House debates

Wednesday, 15 February 2012

Bills

Appropriation Bill (No. 3) 2011-2012, Appropriation Bill (No. 4) 2011-2012; Second Reading

12:09 pm

Photo of Dan TehanDan Tehan (Wannon, Liberal Party) Share this | Hansard source

I rise today to speak on Appropriation Bill (No. 3) 2011-2012 and Appropriation Bill (No. 4) 2011-2012. When talking about the overall economic performance of the Gillard government there are three issues that come top of mind. The first one is the issue of trust and credibility—the issue of the truth. The second one is waste—and we have seen a lot of waste. The third one is the carbon tax and what it is going to do to the already increasing cost of living being felt in communities across the country.

Trust in government is vital and trust in the Prime Minister is vital. Yet sadly what we are seeing day by day is that our Prime Minister cannot be trusted. We saw it with the promise that there would be no carbon tax under a government she led, which was made before the last election and then was immediately disavowed after the election. We have seen it rear its ugly head with what happened on Australia Day. As 7.30 highlighted last night, we now once again cannot believe the version of events that we are getting from the Prime Minister on this issue. We have seen it with the private health insurance bills, the commitments that were made before the 2007 election and what was done immediately after to renege on those commitments.

Trust in government is very important for overall economic health. If you cannot trust what the Prime Minister and the government are saying then the overall sovereign risk increases. We now have companies, small businesses and individuals—farmers and manufacturers; people in all sectors of our economy—unable to believe what this government tells them. That means that the investment decisions that they would like to make are being put off, because they do not know whether this government will go back on its word and make a decision that will harm that long-term investment if they go forward with those investment decisions.

The best thing that we can do to improve sovereign risk in this country is to go to an election. People are fed up with their being told one thing and then the government doing another. It has got to the stage where lack of trust is eroding people's confidence in this government. It is time for the government to recognise this and to realise that it is damaging the nation and increasing sovereign risk, meaning that investment in all sectors across the country is being curtailed. No-one has the confidence to believe what the government is saying, even when it is looking them in the eye. They are worried that it will do something else. That is sad.

This was personified in the Prime Minister's appearance on Four Corners. I do not think that we have ever seen anything shiftier in political history in Australia than her answers to the two questions that were put to her about whether she had seen the polling that was being handed around to destabilise Kevin Rudd and whether a speech was being prepared in her office two weeks before Kevin Rudd was rolled. If you cannot have confidence in the words of the Prime Minister, it harms in every way people's ability to look and say, 'Okay, what is the level of sovereign risk in this country?' Australia has always been seen as a safe place to put investment.

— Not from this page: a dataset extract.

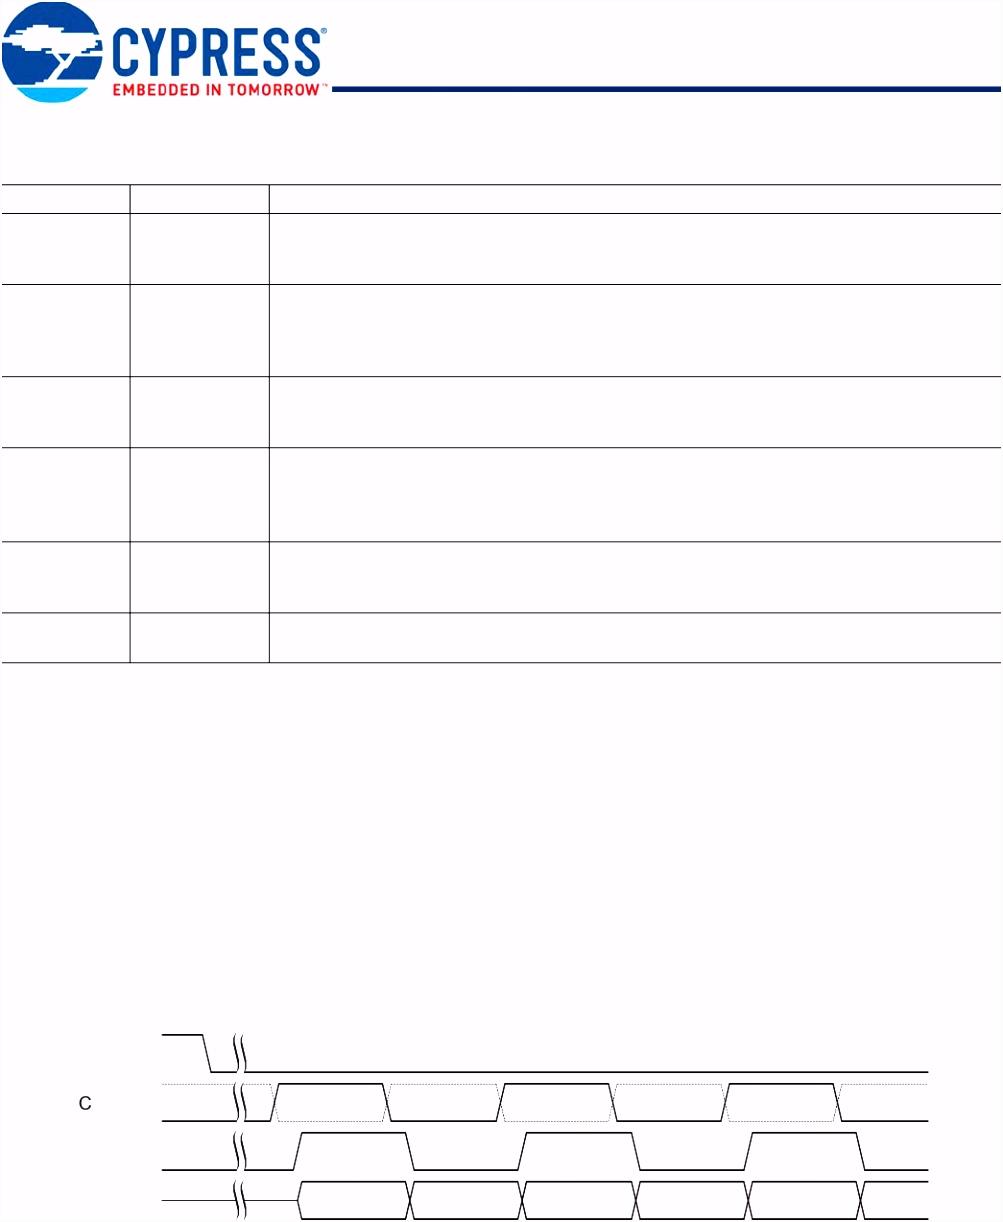 S27Kx0641 S70Kx1281 Datasheet Cypress

I now turn to the question of waste. You have all seen today just another example of how this government treats the taxpayer with utter contempt. On the front page of today's Australianwe have the $700 Labor Party set-top box. We then have the $19 set-top box, which you can get down at your local discount store. The $19 set-top box versus the $700 Labor set-top box. On the front page of the Australianis pictured one of my constituents, who made this very valid comment which I think stands true for a lot of the spending problems this government has. She said:

I think their idea might have been well intended, but you wonder if they thought it through.

I will just repeat that, because I am hoping that the Labor members who are here today might just take this into account the next time they think of one of their wonderful ideas: 'I think their idea might have been well intended, but you wonder if they thought it through.' That is the $700 Labor set-top box versus the $19 set-top box that you can get from your local discount store. It is gross waste.

Let us turn to the BER. Once again it would be fair to say that the idea might have been well intended, but you wonder if they thought it through. Sadly, they did not. I have seen in my electorate example after example of waste and more waste. There is a little school, which I will not name because the school is still dealing with the BER issue, in one of the areas of socioeconomic disadvantage in my electorate. There is a school principal who is doing outstanding work in trying to educate those students. They had a roof which needed replacing because it was leaking. An amount of $1.2 million was spent on giving the school a new roof. The first time that it rained, the principal had to get up with a hammer because the rain was pouring so badly into one of the classrooms. She had to get up on a ladder herself and get a hammer and fix a hole in the roof to make sure that damage was not done to all the inside carpet and from rain running down the walls and ripping all the paint off the walls. So it was $1.2 million to fix the problem and the problem was made worse.